Фел Дорон кивнул и засветил лампу. На мгновение он поднял лампу и окинул Эллен оценивающим взглядом. Девушка, поняв, что находится под наблюдением свободного мужчины, как и положено, опустилась на колени.

— Несомненно, заниматься конфискацией рабынь по ночам дело менее болезненное, — пробормотал Фел Дорон.

— Мы заберем ее с собой, — бросил Порт. — У нас есть планы на нее.

Это заявление поразило Эллен. Как они могли взять ее с собой? Разве она не была конфискована? Разве на ее шее не висел косианский жетон?

Фел Дорон с лампой в руке вышел наружу, но вернулся буквально через мгновение и доложил:

— Сделано.

— Собирайте свои вещи, какие сочтете необходимыми, — приказал Порт своим помощникам Фелу Дорону и Терсию Майору. — Этой ночью мы вылетаем.

— Эй, что здесь происходит? — спросил озадаченный Селий Арконий.

— Селий, займешься рабыней — велел ему Порт. — Накормить и напоить. Проконтролируй, чтобы она облегчилась.

— Хорошо, — растерянно кивнул Селий.

— Как закончишь с ней, — добавил тарнмейстер, — спустись вниз и попытайся выяснить, что творится на улицах.

— Все сделаю, — заверил его молодой человек.

Когда Эллен подняла взгляд, то различила в полумраке смутные очертания фигуры Селия Аркония, возвышавшегося над ней. Пожалуй, это было не то зрелище, которое она больше всего мечтала увидеть.

— Ой! — взвизгнула она от боли.

Молодой человек схватил ее за волосы и, рывком поставив на ноги, тут же согнул в поясе, удерживая голову девушки у своего бедра. Эллен вынуждена была торопливо переставлять ноги, чтобы не свалиться. Она попыталась ухватиться руками за его толстое запястье.

— Пожалуйста, Господин! — простонала рабыня. — Остановитесь! Вы делаете мне больно!
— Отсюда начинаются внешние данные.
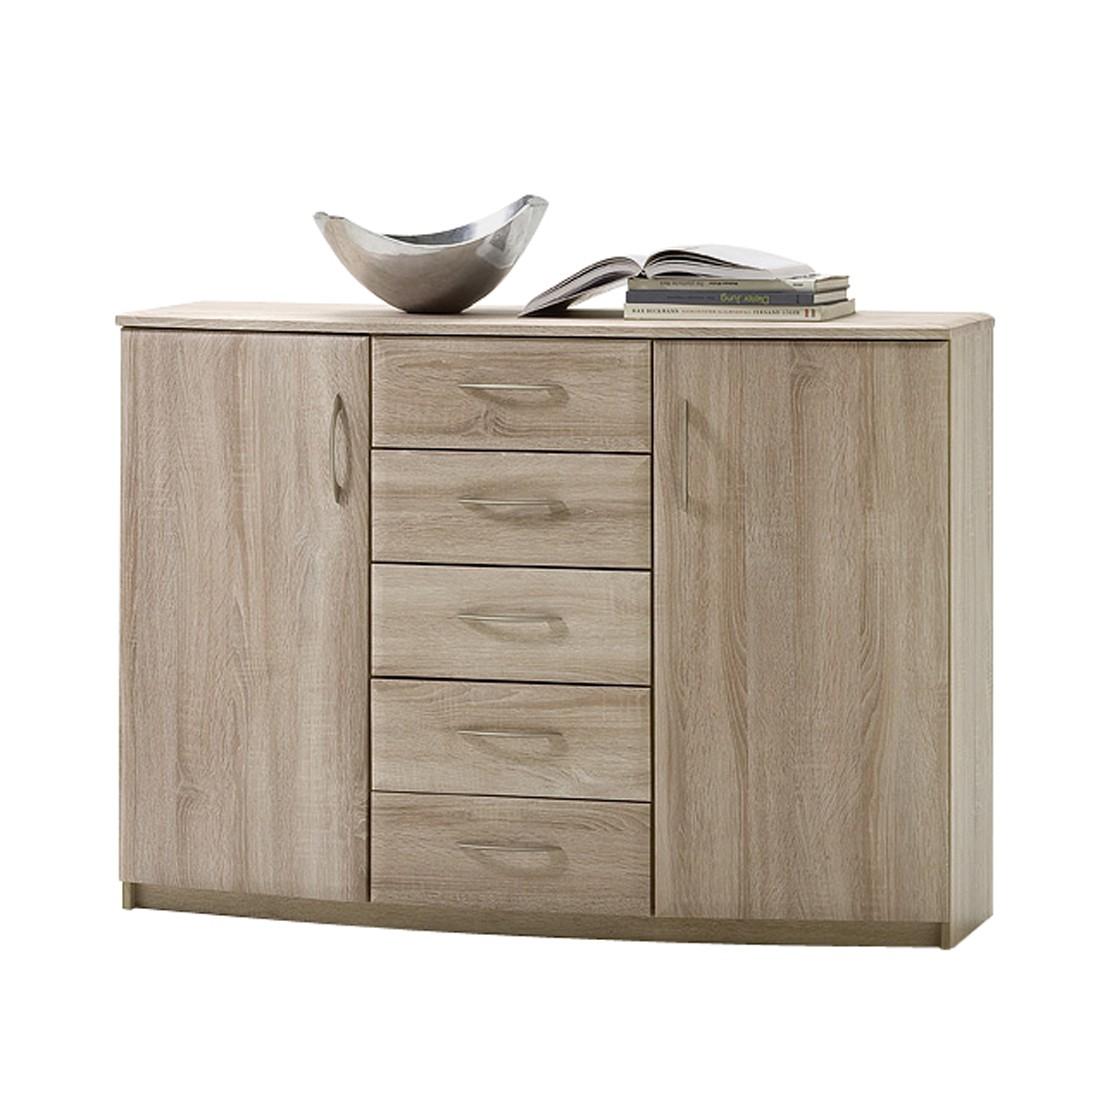 sonoma eiche parkett interessante ideen f r. Black Bedroom Furniture Sets. Home Design Ideas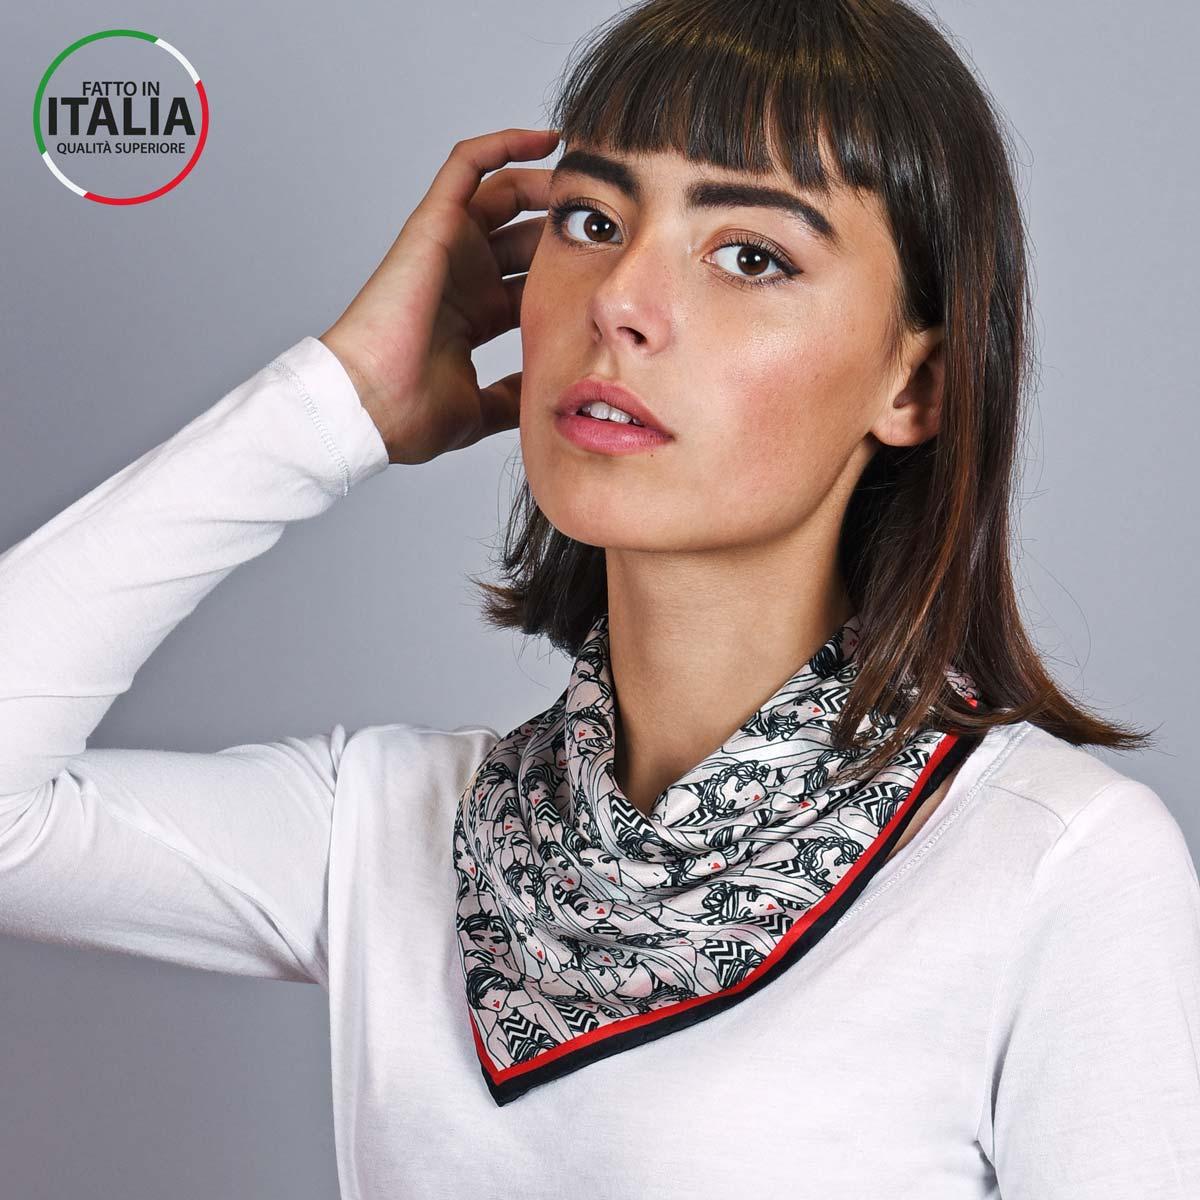 AT-05391_W12-1IT_Carre-soie-noir-femmes-65x65-made-in-italie

— Заткнись, шлюха, — буркнул он.

Селий притащил девушку на кухню и толкнул на пол, велев встать на колени, а сам взял миску и, бросив ее себе под ноги, пинком отправил к Эллен. Потом он поднял мешочек и вытряхнул из него в миску несколько кружков печенья, прогрохотавших по ее дну. Эллен в муке подняла на него взгляд. Но Селий снял крюка рабскую плеть и, качнув ею, приказал:

— Ешь!

Девушка немедленно склонила голову и, опустившись на четвереньки, занялась печеньем. Печенье было сухим, и есть его оказалось делом нелегким, и Эллен подняла голову и умоляюще посмотрела на мужчину. Однако тот лишь поднял руку с плетью. У нее не оставалось иного выбора, кроме как снова уткнуться миску. Возможно, Эллен была медлительной, а может, это он потерял терпение, но Селий схватил ее за волосы левой рукой и, поставив вертикально, достал из миски последние два куска печенья и сунул ей в рот. С запястья его руки свисала плеть, покачивавшаяся рядом с правой щекой Эллен. Она попыталась прожевать, испуганно косясь на плеть, но сухое печенье поддавалось плохо. Тогда Эллен, задыхаясь, принялась глотать толком непрожеванные комки, изо всех сил проталкивая их в горло. Она все еще пыталась перевести дух, когда Селий поставил перед ней миску с водой, к которой она, было, с благодарностью потянулась руками, но была остановлена, выставленной перед ней плетью. Девушка подняла жалобный взгляд на мужчину, но его глаза были строги.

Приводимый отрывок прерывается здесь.